Julie Nesrallah is a Canadian mezzo-soprano and radio host.

Her past operatic roles include Isabella in L'italiana in Algeri, the Composer in Ariadne auf Naxos, Suzuki in Madama Butterfly, Maddalena in Rigoletto, Cherubino in The Marriage of Figaro, Cenerentola in La Cenerentola, and Carmen in Carmen, among others.

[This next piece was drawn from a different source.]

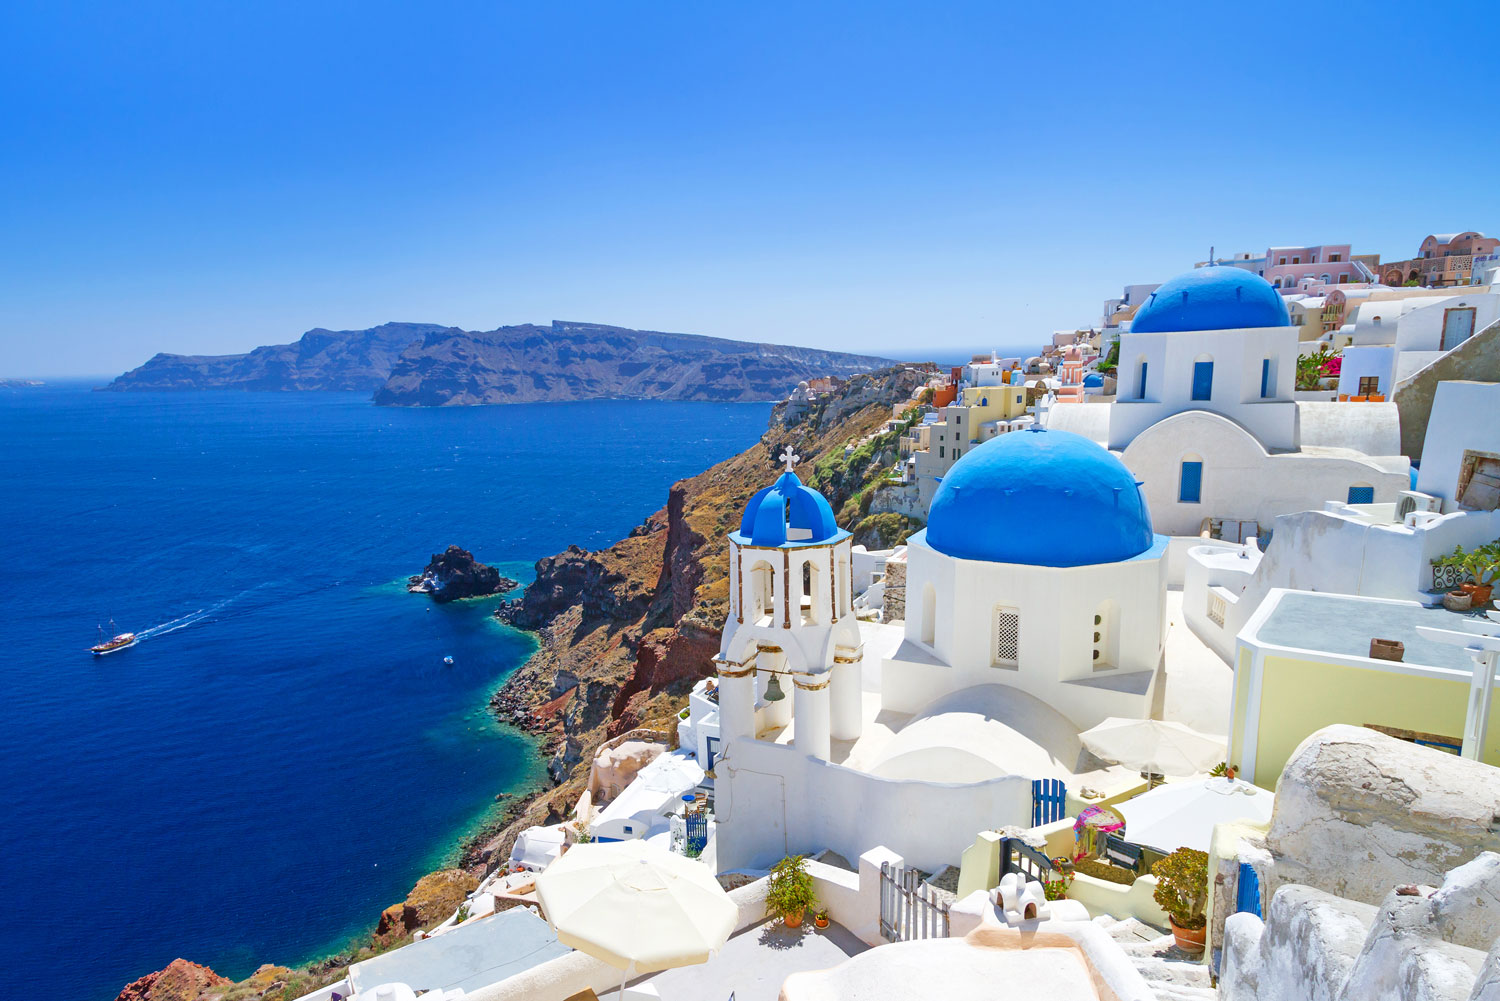 This Is Hardest General Knowledge Quiz You'll Ever Take, I Promise Greek island

She sang "God Save the Queen" for Will and Kate, the Duke and Duchess of Cambridge, for Canada Day festivities on Parliament Hill in 2012, and "An Evening for Peace" for Her Majesty Queen Noor of Jordan in Montreal.

Nesrallah is the host of Tempo on CBC Music, Canada's national classical music program, and is the executive producer and star of Carmen on Tap, a company that performs Georges Bizet's opera Carmen as dinner theatre. 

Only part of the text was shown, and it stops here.